Pyth’s cross-chain oracle approach enables DeFi applications to focus on providing the best user experience without having to worry about the blockchain they choose. This is a critical first step in bringing DeFi to where it needs to be: mainstream and hidden, powering the things that matter in our daily lives.
Trading volume reaches record high
The total volume secured by Pyth oracle data is another good metric for tracking usage and adoption. In early April, the cumulative volume secured by the Pyth network over the lifetime of the oracle protocol exceeded $300 billion.
March was an exceptionally active month for Python-powered applications, particularly for the Solana, Arbitrum, Optimism, and Blast ecosystems.

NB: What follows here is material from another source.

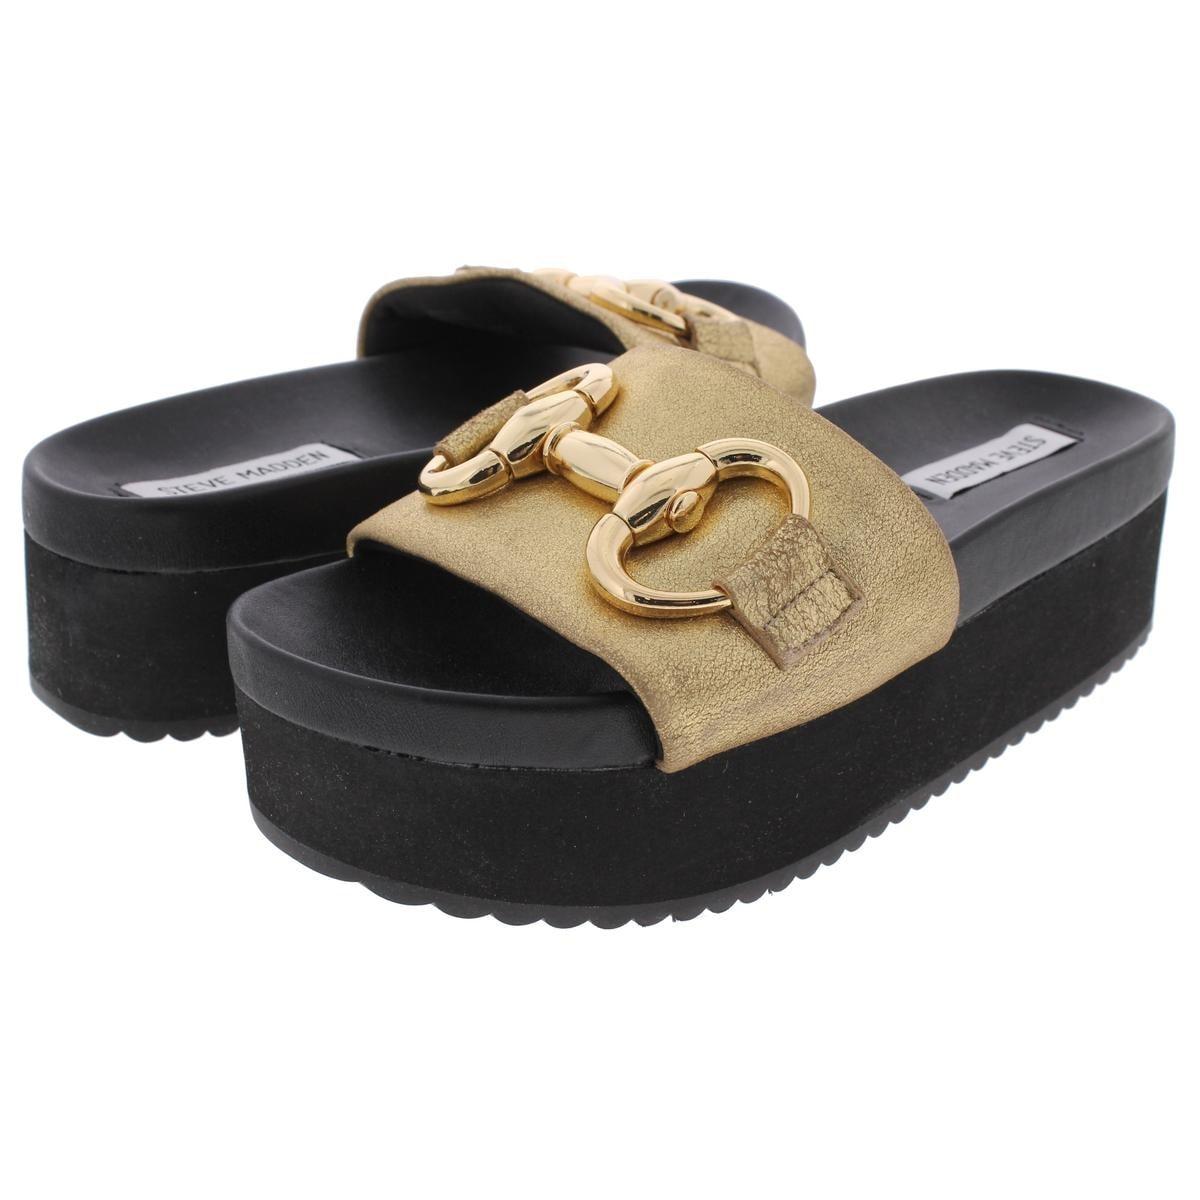 c92d4f9cd06 Shop Steve Madden Womens Jericho Slide Sandals Open Toe Embellished - Ships  To Canada - Overstock - 20742753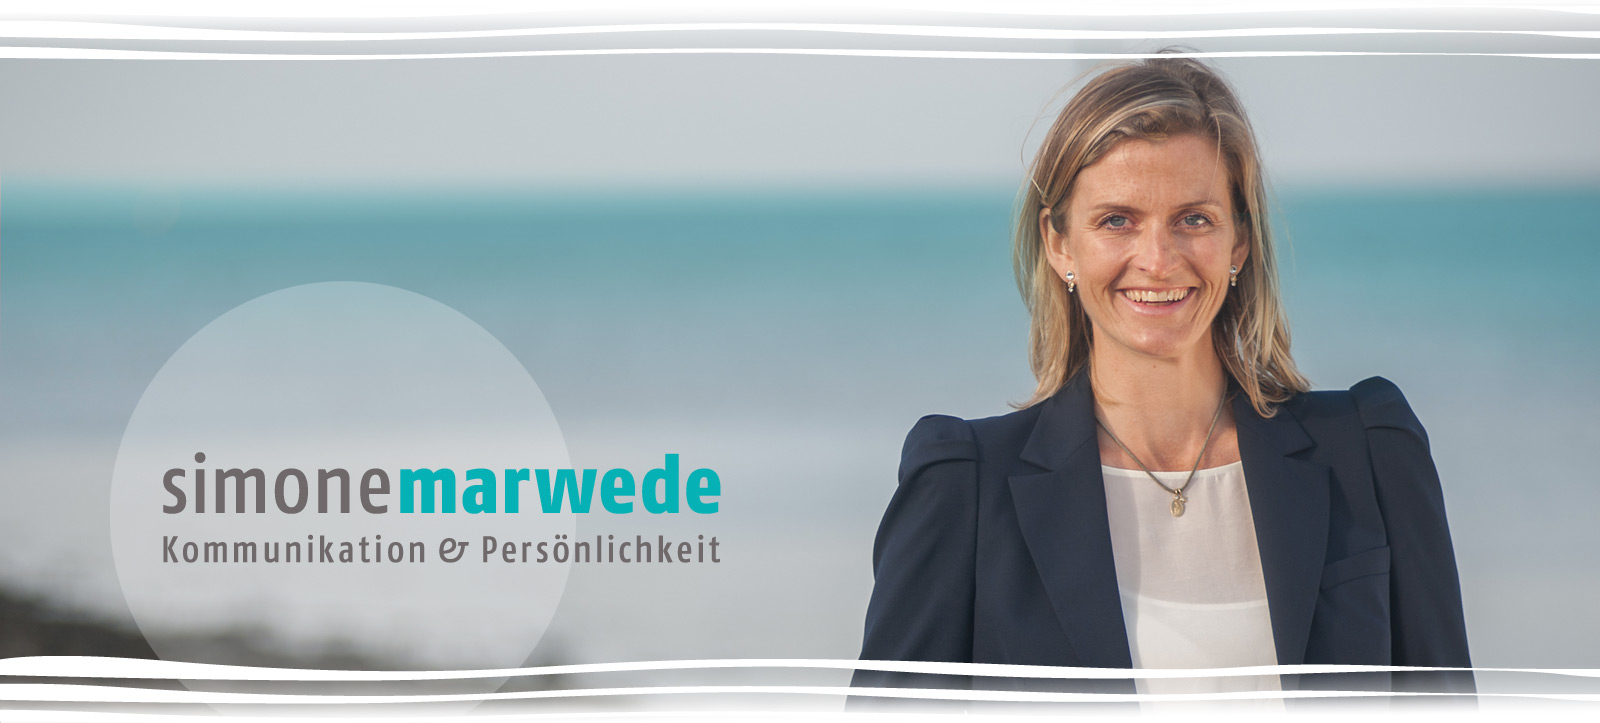 images-simone-marwede-psychologin-moderatorin-sylt

This month alone, Python oracles secured $87 billion in volume.
The value of Python's guarantee
Total Value Secured (TVS) is an oracle-driven subset of the Total Value Locked (TVL) of smart contracts. TVS primarily tells a story about lending and pool-based operations. In March, the Python network’s TVS exceeded $7 billion. The continued growth of Python-powered TVS shows the resurgence of DeFi as an industry influx looks like the next bull run, as well as the growing appeal of Pyth price feeds in perpetuals and trading outside of DeFi.
Your new choice of oracle
However, Total Value Secured (TVS) as a standalone metric does not indicate the actual growth of oracles due to the situational nature of the metric. If TVL grows due to macro considerations, then the TVS of oracles should rise accordingly.
The Pyth TVS by L1/L2 chart above provides important additional framework: the total secured value (oracle-driven TVL) of any blockchain provides another way to proxy oracle market share. Consider the chains where the Pyth network dominates in TVS, from the Move space (Aptos and Sui) to Cosmos (Sei, Injective, and Osmosis) to ZK chains like zkSync and Linea. Across these chains, Pyth oracles secure the vast majority of locked value in the applications, showcasing Pyth as the oracle of choice in these ecosystems.
However, TVS only tells one side of the growth story. The low latency and high fidelity data capabilities of the Pyth network make it the oracle of choice for many derivatives applications, which typically generate a lot of volume and do not have a lot of TVL metrics. Therefore, looking at the percentage of overall volume secured at a certain point in time, Pyth's dominance on more blockchains can be seen.
The chart above of secured volume on L1/L2 highlights the DeFi ecosystems where Pyth is the first and foremost oracle provider. In other words, there are blockchains where Pyth is the leading DeFi oracle supporting transaction-based activity. One can see this dominance in the Cosmos and Move worlds as well as high-throughput alternative L1 and L2 such as Injective, Linea, Mode, and Fantom.
All DeFi is calling Python
Pyth data providers transmit price data to the Pythnet application chain every 400 milliseconds. Whenever a user wants to use a price update and verify that it came from Pythnet, they pay a small on-chain fee and pull that price into their environment for everyone to use.
The number of price update requests or pulls can provide insight into activity in the DeFi industry as a whole and in a specific blockchain ecosystem. The above chart shows the average daily average number of price updates (DAU) at around 3 million updates. While oracle update fees are currently minimal, Pyth governance can vote on the size and denomination of these fees. Revenue generated by the Pyth protocol currently sits on-chain; collective governance will decide the next course of action.
More data sources
The Pyth network now offers over 500 real-time price feeds covering digital assets, forex pairs, metals, stocks, and exchange-traded funds. More data sources means more available markets and features for protocol developers to launch.
The community continues to request many other assets, including those not available on-chain. For example, providing price feeds for traditional assets such as energy, agriculture, and even Treasury rates could potentially unlock on-chain portfolio diversification strategies that meet the needs of sophisticated participants.